Guides

Metadata Standards

The Lens Protocol Metadata Standards

The Lens Protocol Metadata Standards is a specification for describing Lens metadata objects. It is designed to be used by builders to describe the Lens publications and profiles created via their applications.

Self-describing standard

The Lens Protocol Metadata Standards is a self-describing metadata specification. This means that the metadata itself contains a reference to the schema that describes it. This enables the metadata to evolve over time without breaking existing applications.

The Lens Protocol Metadata Standards can be seen as a cohesive collection of different standards. There's standards for publications, mirrors, and profiles metadata.

The LIP-2 Metadata Standards for Lens sets the foundation for the first iteration of this new metadata standard approach. The idea is that the community can expand and evolve such specification to cover their needs.

Each standard in the collection can evolve independently and at different speed from the others. New standard can be added as well to cover new scenarios.
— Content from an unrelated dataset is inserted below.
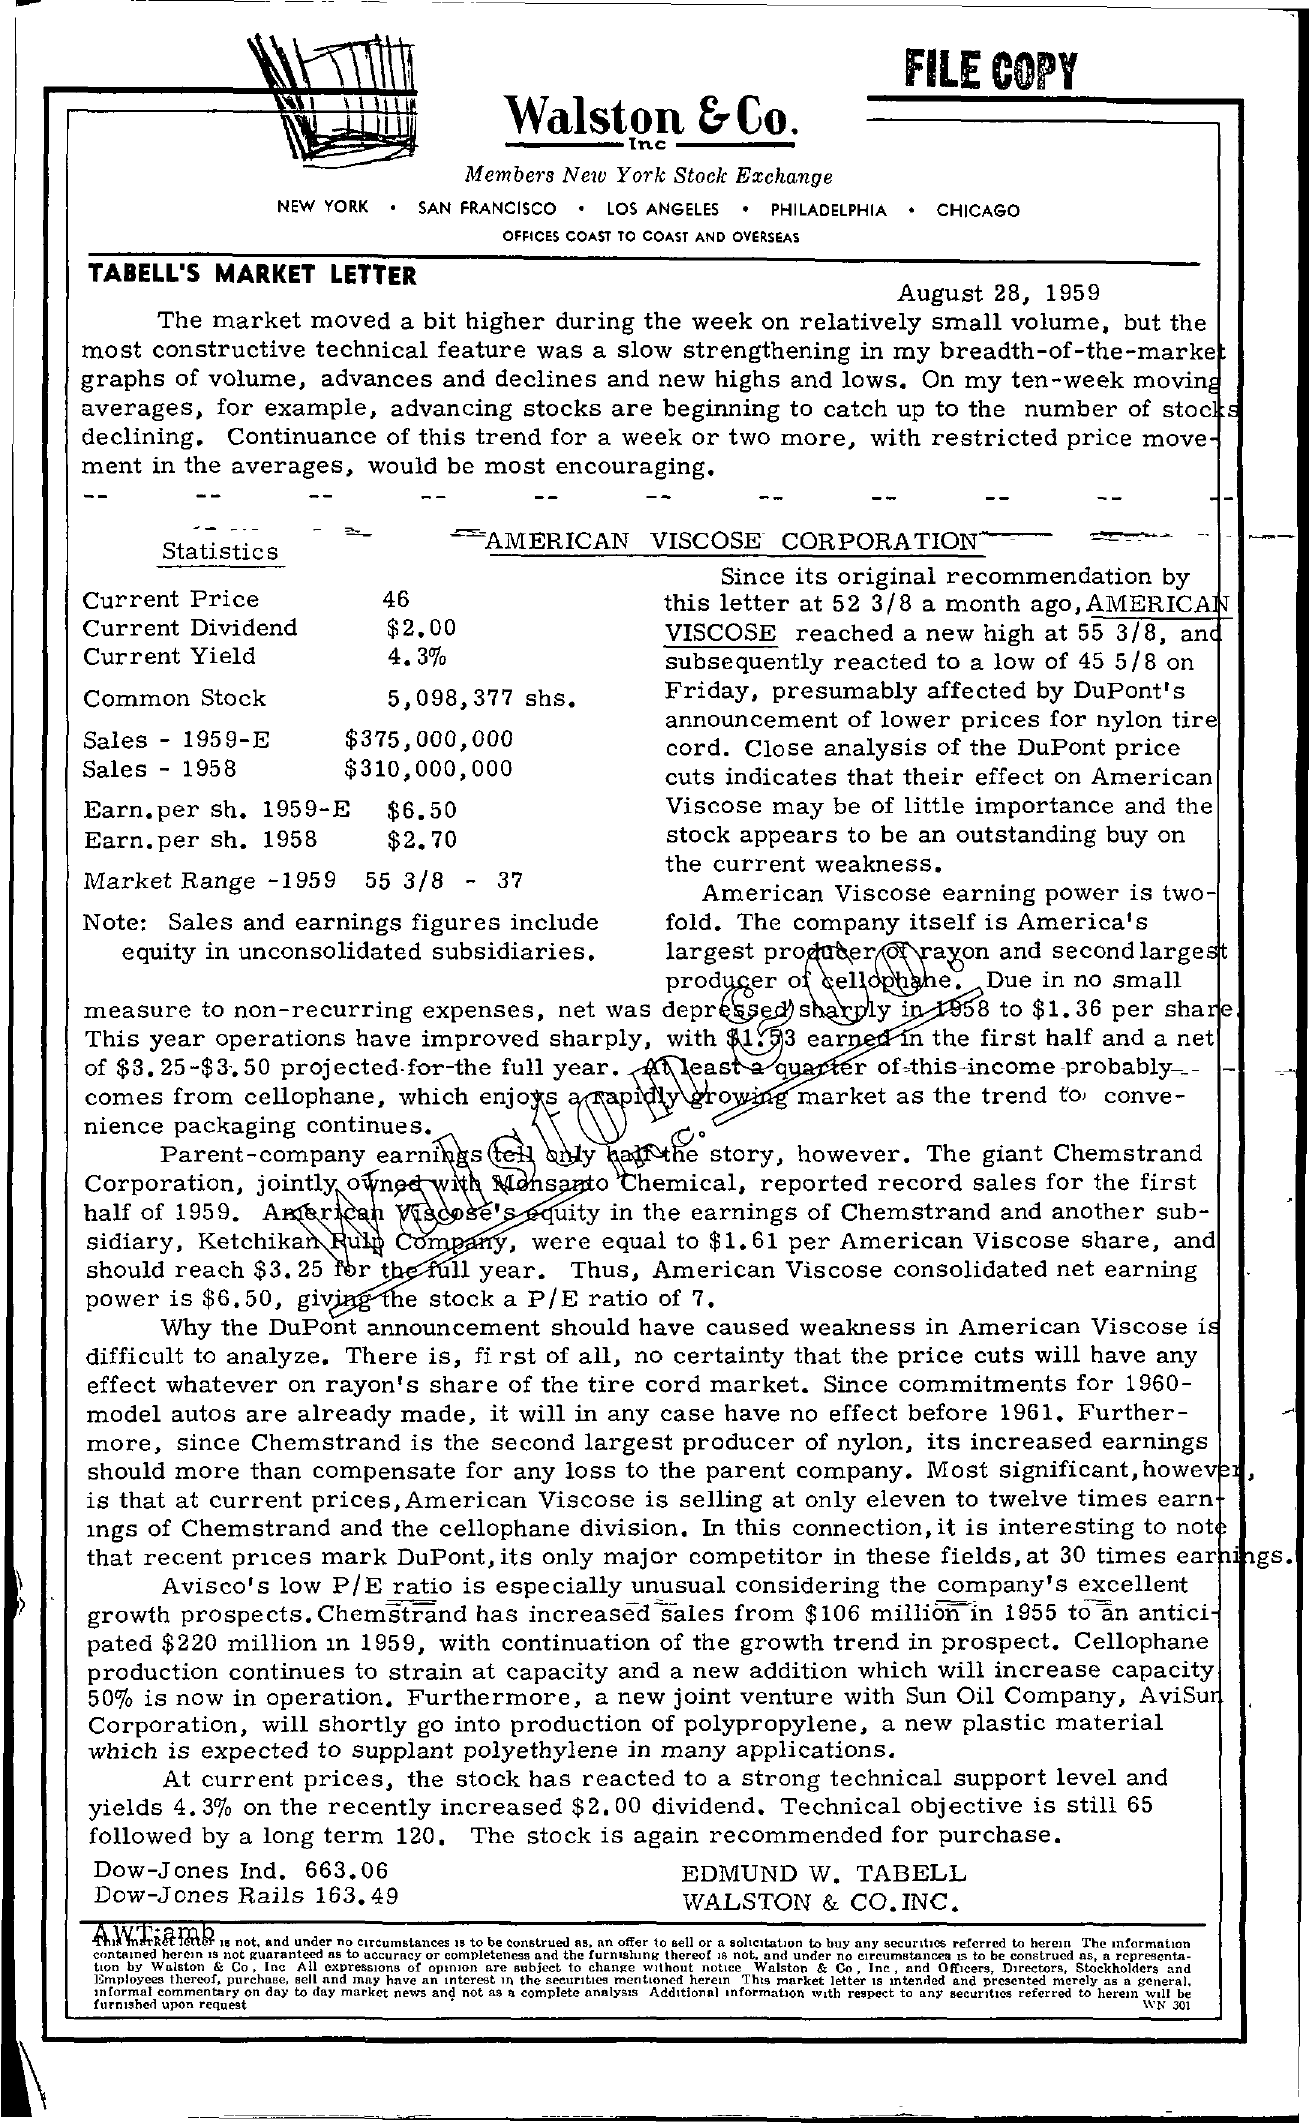 Tabell's Market Letter - August 28, 1959

The standard is encapsulated in a living specification Lens Protocol Metadata Standards repository.

The repository is home to:

  • JSON Schemas - to verify in a platform independent way the conformity of a given metadata JSON file.
  • Validation and parsing tools - to verify and process a metadata object
  • Builders and helpers - to support the process of creating compliant metadata objects

Getting started

The @lens-protocol/metadata package is the quickest way to get started using the new standard and tools.

To install the package run:

npm i zod @lens-protocol/metadata@latest
yarn add zod @lens-protocol/metadata@latest
pnpm add zod @lens-protocol/metadata@latest

The package contains:

  • Parsing tools
  • Builder helpers
  • JSON Schemas
  • TypeScript types in support of the above

If you use it in your client-side code, the maximum bundle size impact is ~11KB gzip (~20ms download time on average 4G). The library is fully tree-shakeable. The vast majority of integrators will use a subset of the given features, so the concrete impact on the final bundle size is even less.

The package has an optional peer dependency on zod. If all you need is the JSON Schemas you can safely omit zod.